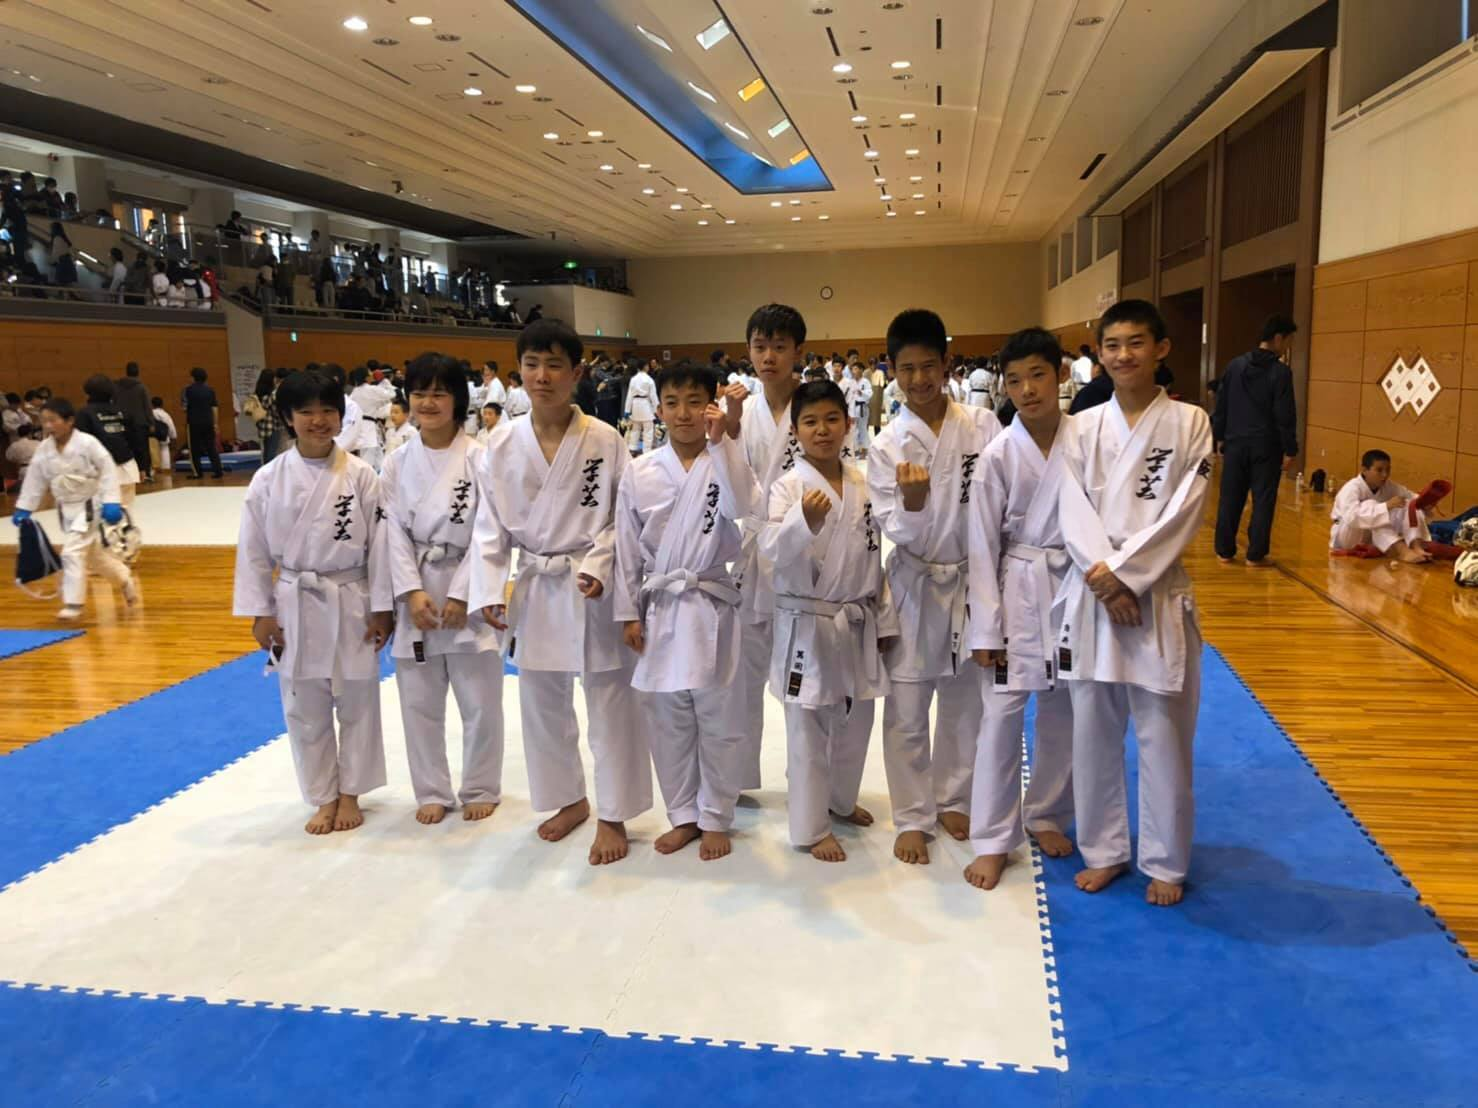 イナズマ拳フェスに参戦_e0238098_06514031.jpg
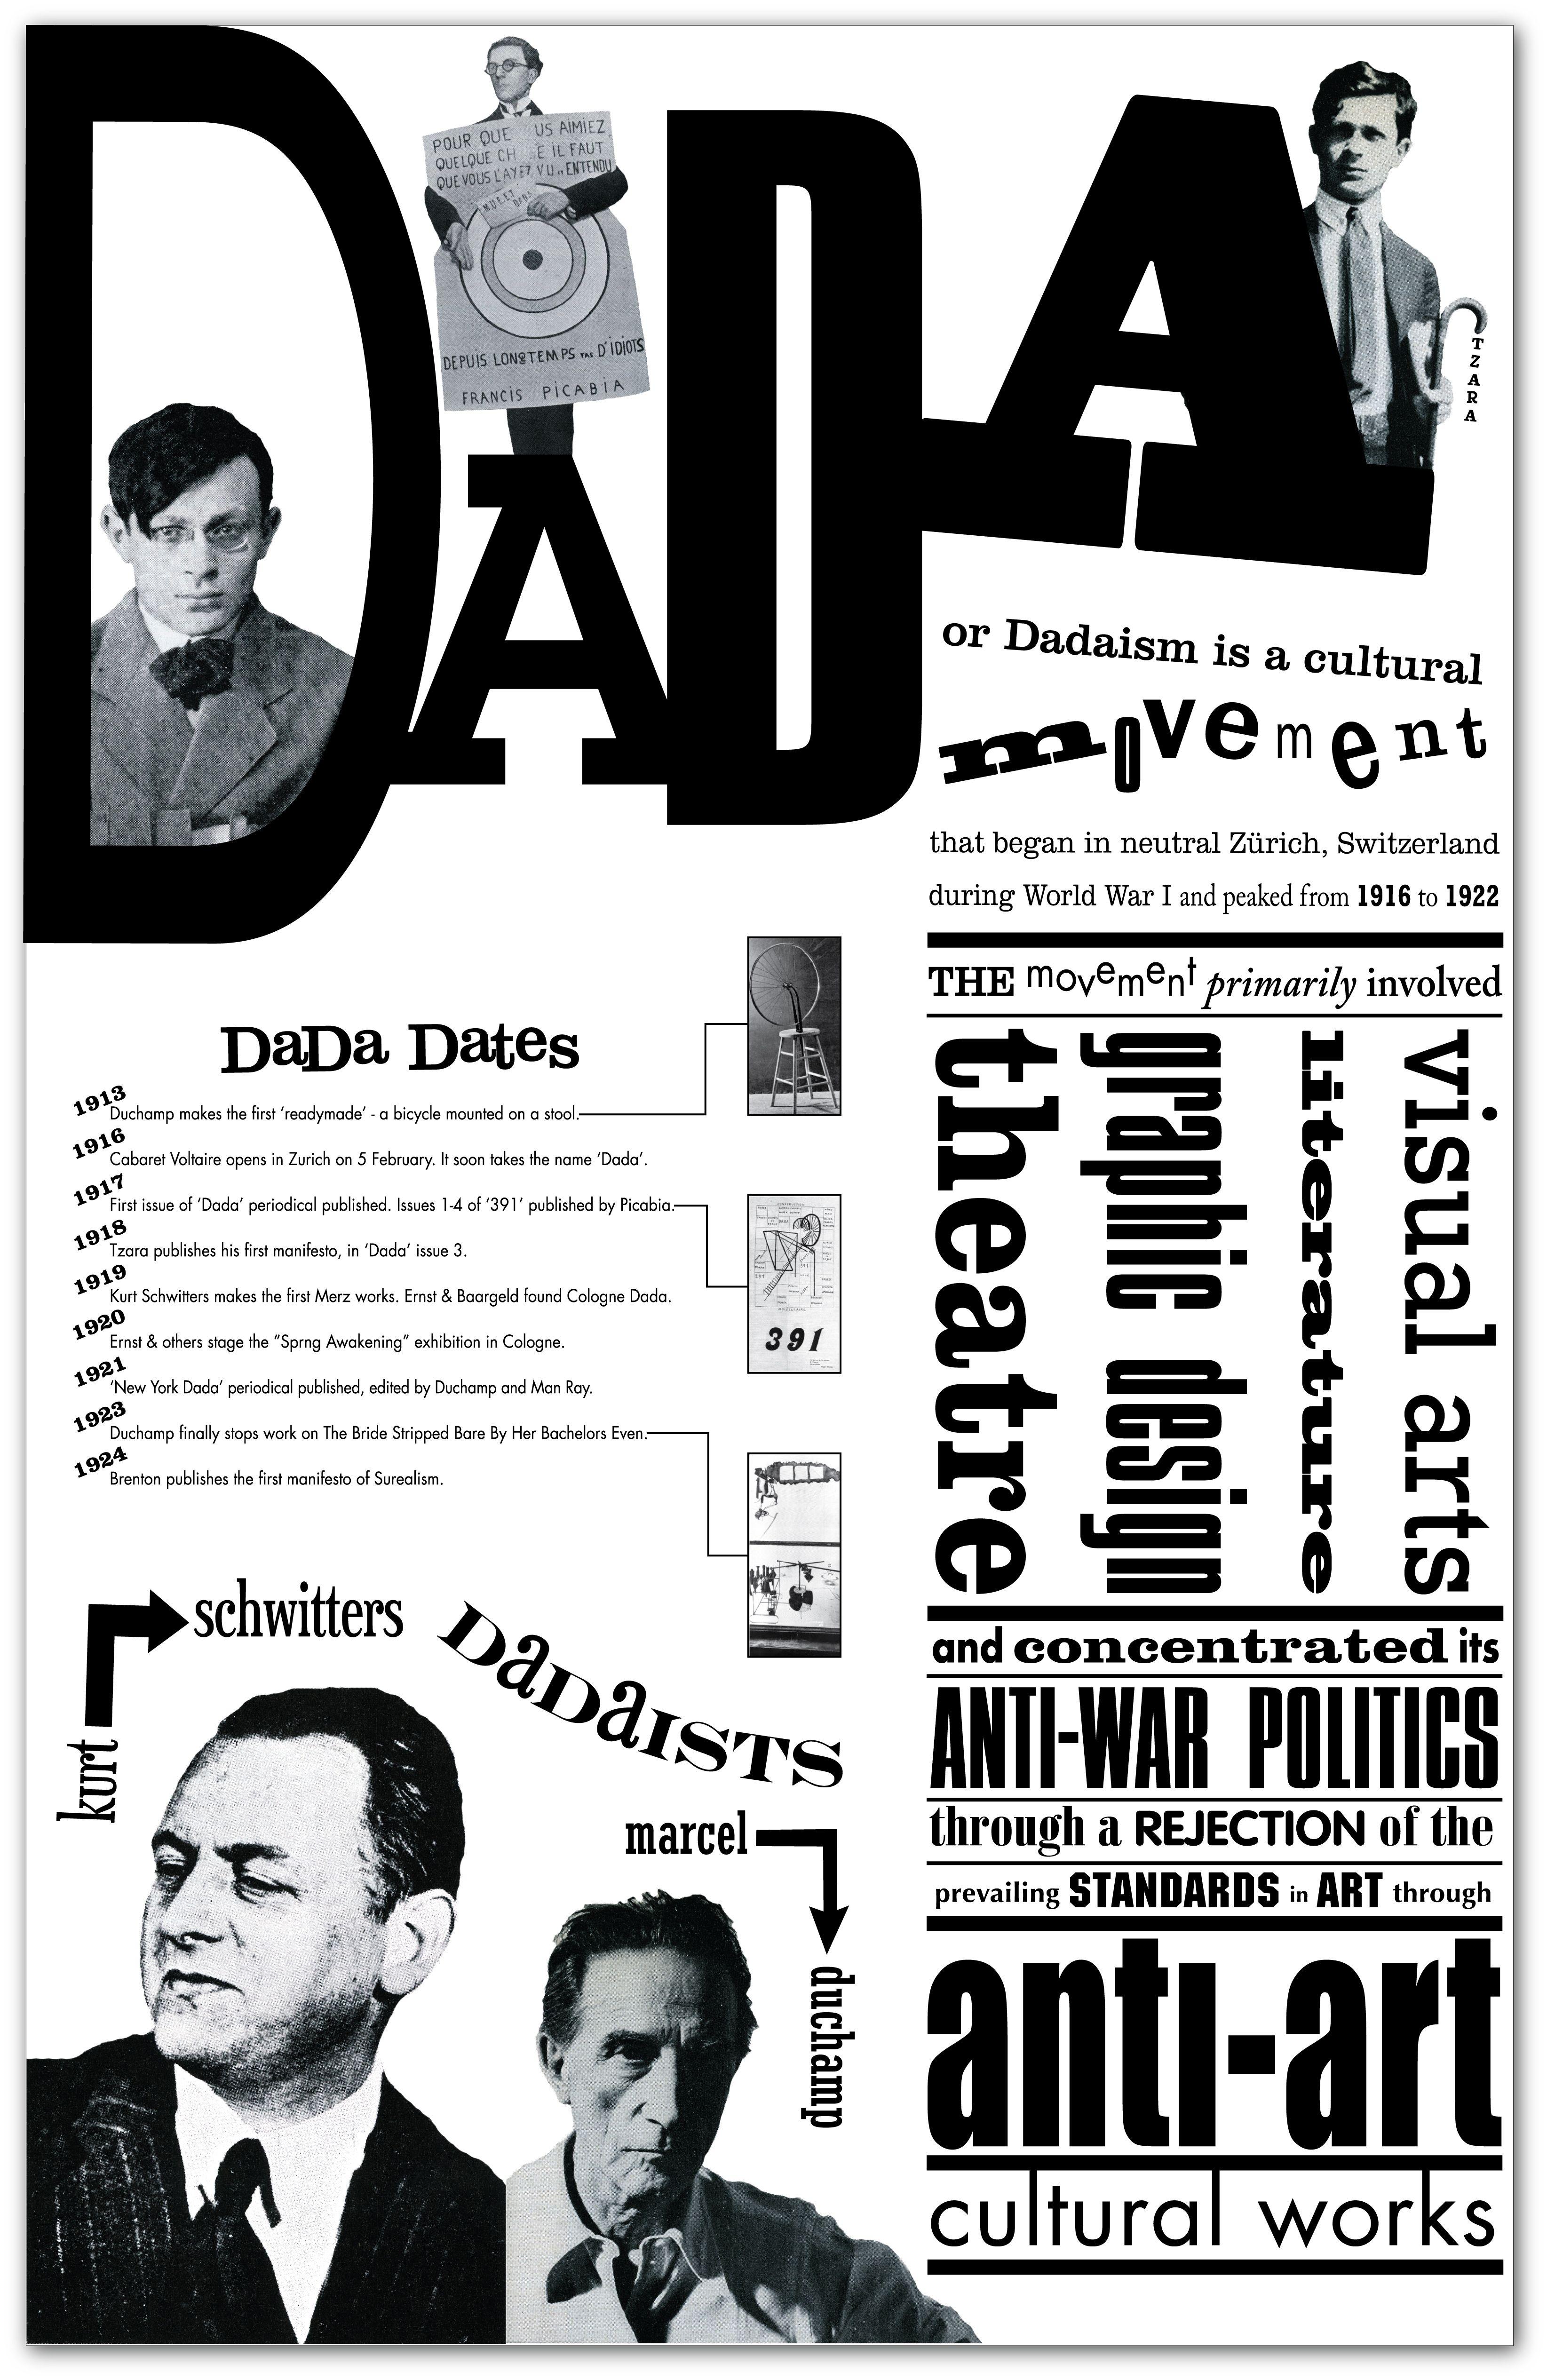 Photo of Interessante manier van het weergeven van typografie; Speels, maar toch enig zin…
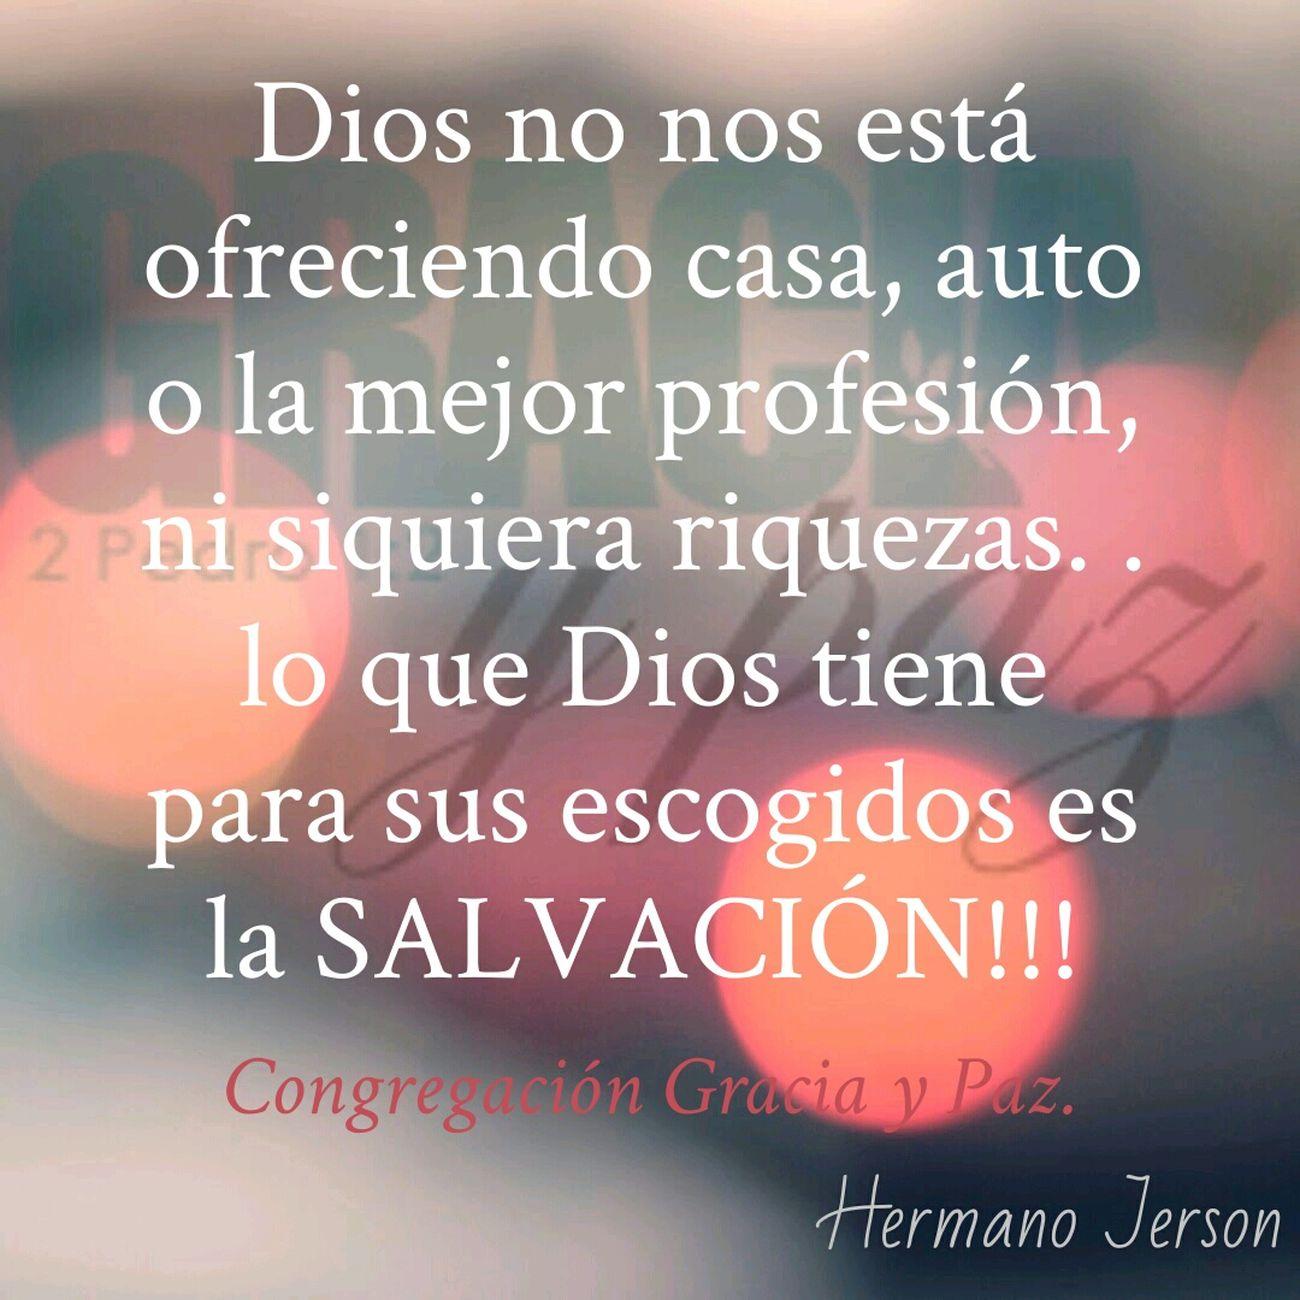 Dios Jesucristo Doctrina CongregacionGraciaYPaz
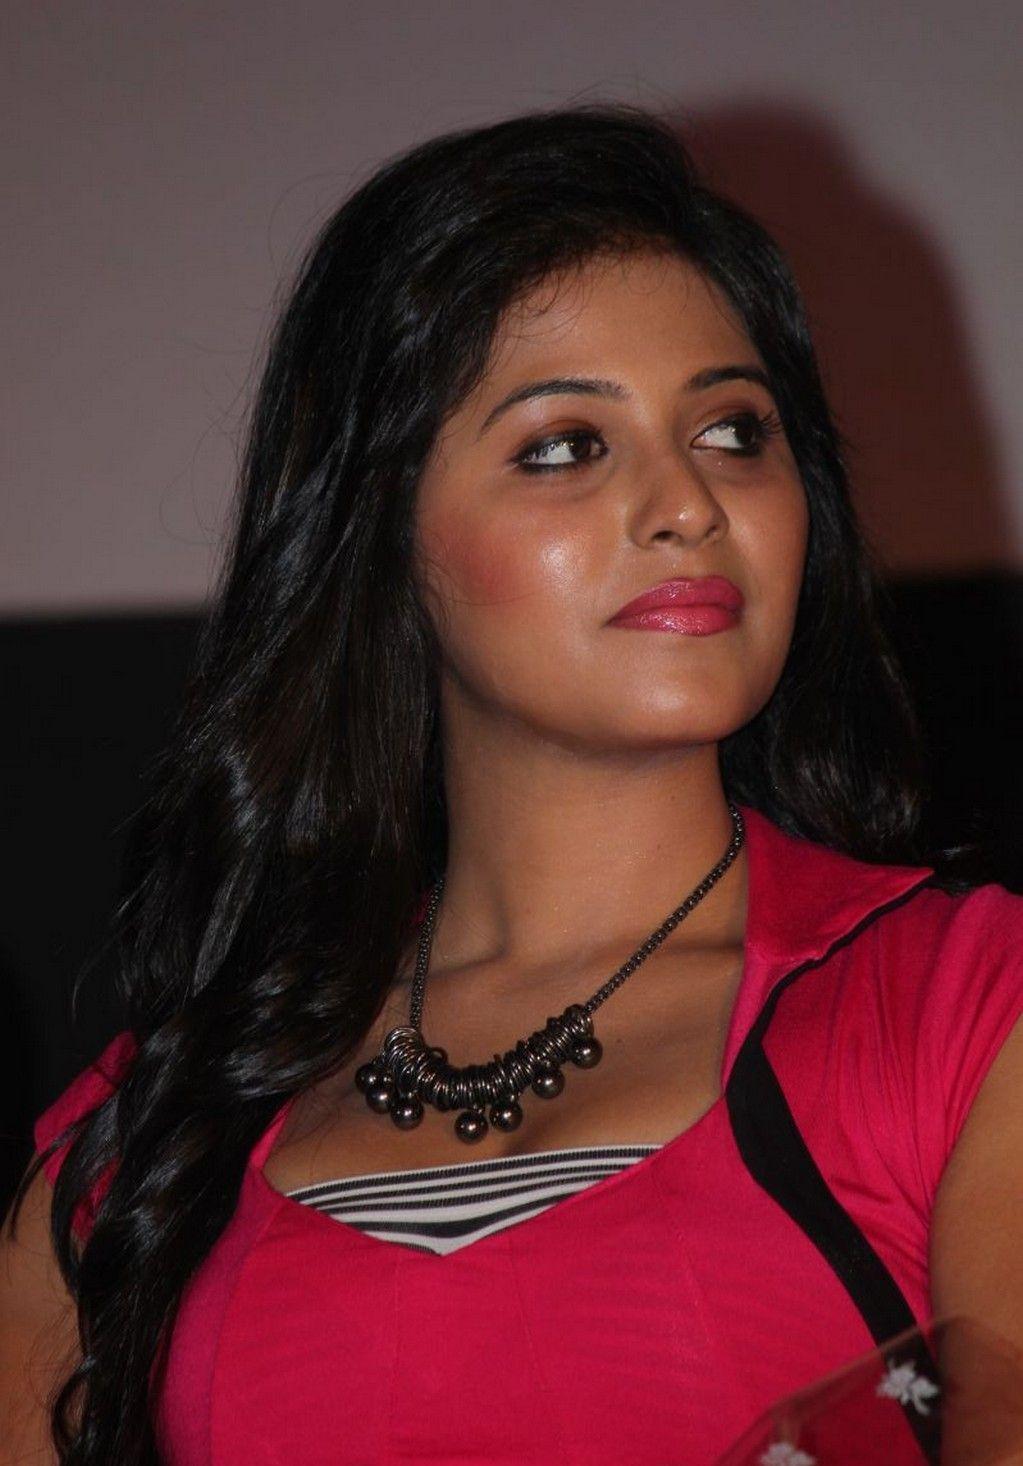 anjali hot photos at settai audio release | south actress

* * *

Exercise directions.
Set down the material above as is, without any pictures.

Exercise output.
 イナズマ拳フェスに参戦_e0238098_06514031.jpg
 Photo of Interessante manier van het weergeven van typografie; Speels, maar toch enig zin…
 Dios Jesucristo Doctrina CongregacionGraciaYPaz
 anjali hot photos at settai audio release | south actress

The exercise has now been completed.